Leptinresistenz kann Ihr Energieniveau, Gewicht und Ihre Stimmung beeinflussen. Stellen Sie fest, dass Lebensstilanpassungen nicht ausreichen, oder sind Sie unsicher über die Ursache Ihrer Beschwerden? Finden Sie heraus, welche Unterstützungsformen helfen können, Ihre Hormone wieder ins Gleichgewicht zu bringen.

Und jetzt?

Es wird noch viel Forschung zu Mitteln gegen Leptinresistenz betrieben, und es gibt derzeit keine verfügbare Medikation. Experten sind sich jedoch einig, dass es hilft, Insulinresistenz zu bekämpfen, wodurch oft auch die Empfindlichkeit für Leptin verbessert wird.

Überprüfen Sie die folgenden Faktoren kritisch und überlegen Sie, wie Sie diese ändern können. Ein zusätzlicher Vorteil: Auch andere Wechseljahresbeschwerden können dadurch gelindert werden.

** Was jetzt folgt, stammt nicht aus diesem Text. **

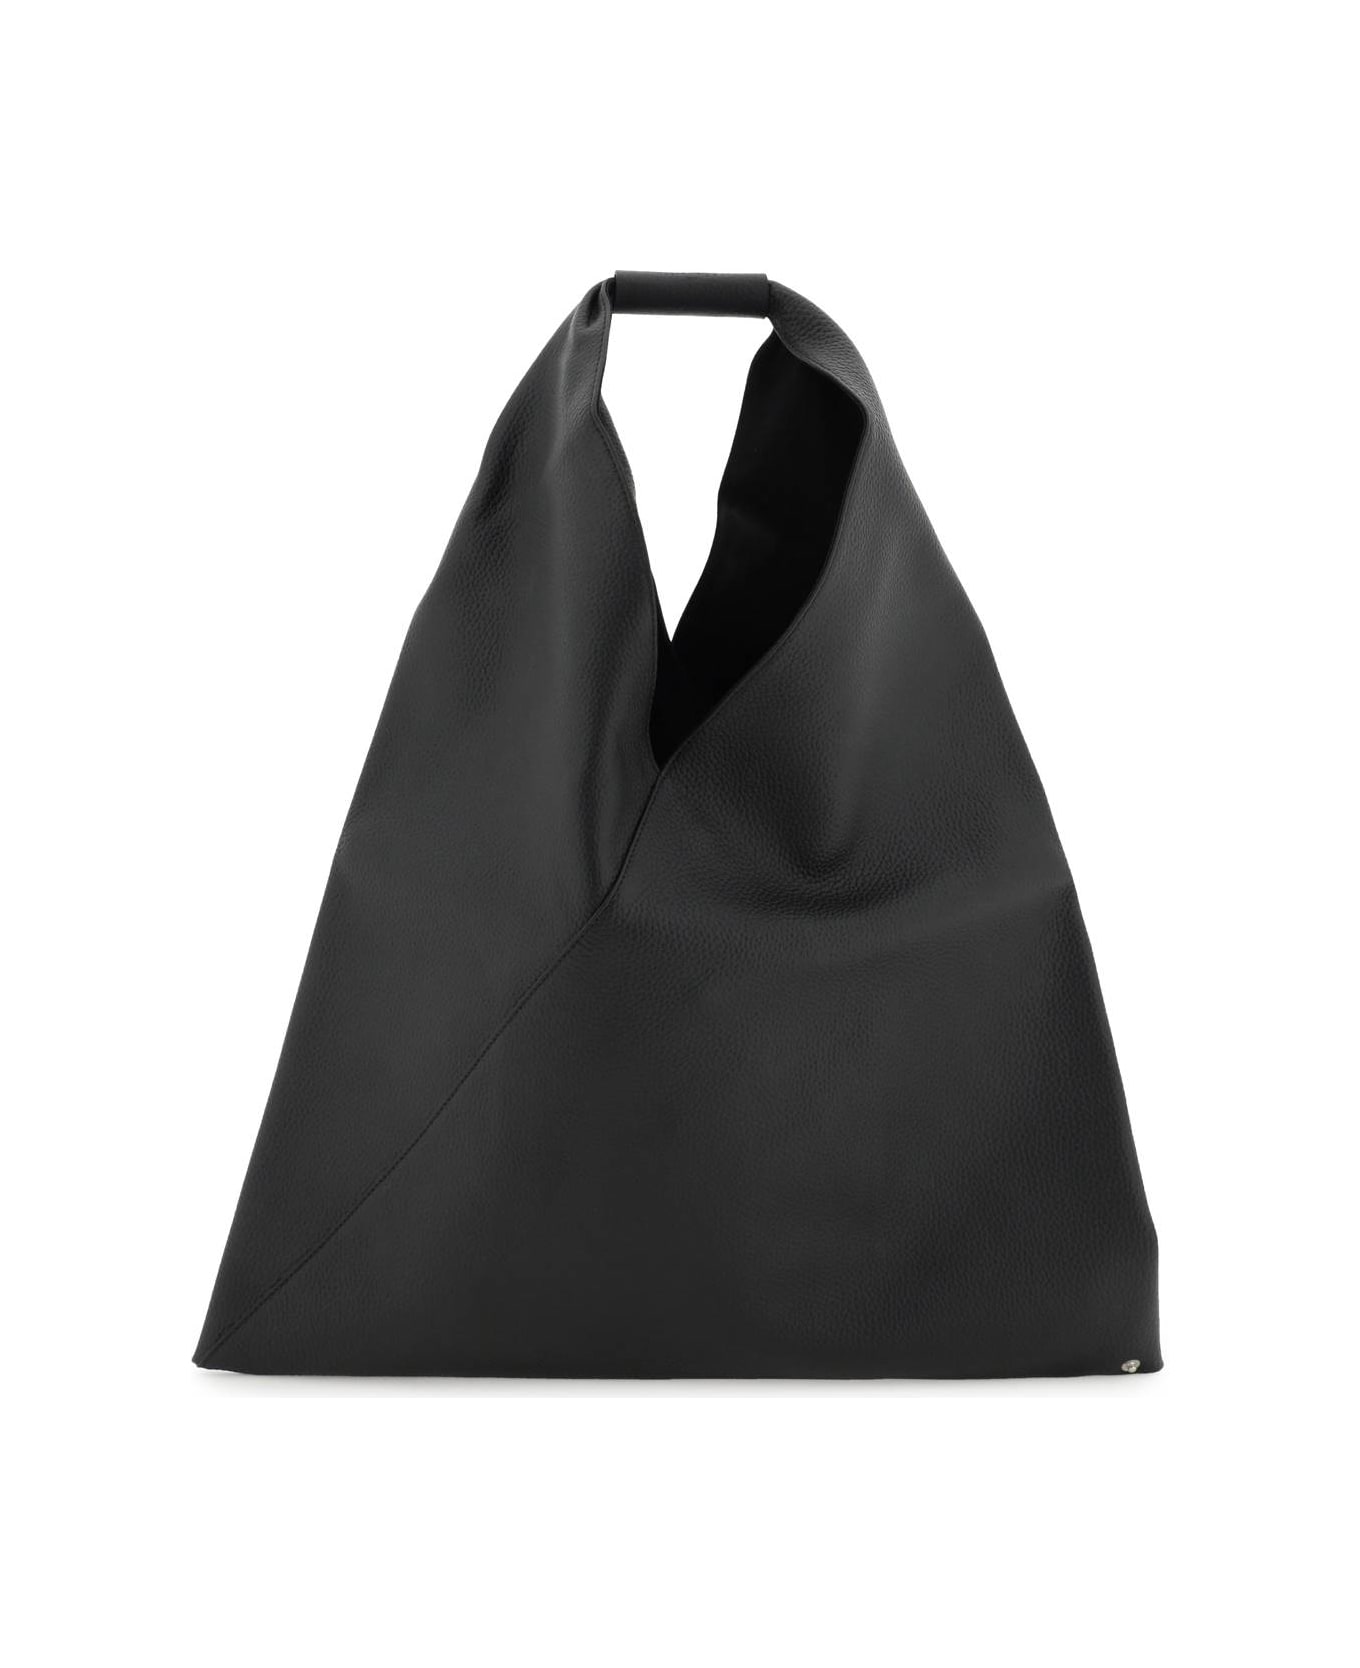 MM6 Maison Margiela Japanese Bag Handbag - Black

  • Essen Sie ausreichend Eiweiß: Eiweiß sorgt für ein Sättigungsgefühl und unterstützt Ihre Muskelmasse, was wichtig für die Regulierung von Appetit und Energiebilanz ist. Eine eiweißarme Ernährung scheint die Leptinspiegel im Körper zu erhöhen.
  • Reduzieren Sie Kohlenhydrate und vermeiden Sie schnelle Kohlenhydrate. Kohlenhydrate können die Leptinspiegel erhöhen. Schnelle Kohlenhydrate finden Sie unter anderem in Weißbrot, weißer Pasta, Reis, Müsli, Keksen und anderen zuckerreichen Produkten.
  • Essen Sie viele gesunde Fette. Omega-3-Fettsäuren aus fettem Fisch helfen, die Insulinwerte zu senken. Haben Sie einen Mangel? Dann kann ein Omega-3-Supplement helfen.
  • Essen Sie lösliche Ballaststoffe. Diese helfen Ihnen, Ihr Gewicht zu halten. Lösliche Ballaststoffe finden Sie vor allem in Gemüse, Obst, Hülsenfrüchten, Hafer, Chiasamen und Leinsamen.
  • Kombinieren Sie Cardio- mit Krafttraining. Krafttraining hilft beim Aufbau und Erhalt von Muskelmasse. Cardio ist gut für Herz und Lunge, hebt Ihre Stimmung und hilft Ihnen, besser zu schlafen. Tipp: Das 7-Minuten-Training auf nüchternen Magen verbessert die Insulinempfindlichkeit.
  • Machen Sie Ihren Schlaf zur Priorität. Es ist bekannt, dass schlechter Schlaf die Hormone in Ihrem Körper beeinflusst, einschließlich Leptin, und zu Diabetes und Übergewicht führen kann.

Vermuten Sie, dass Sie leptinresistent sind? Ein Arzt kann die Diagnose stellen und Ihnen helfen, die richtigen Schritte zu unternehmen.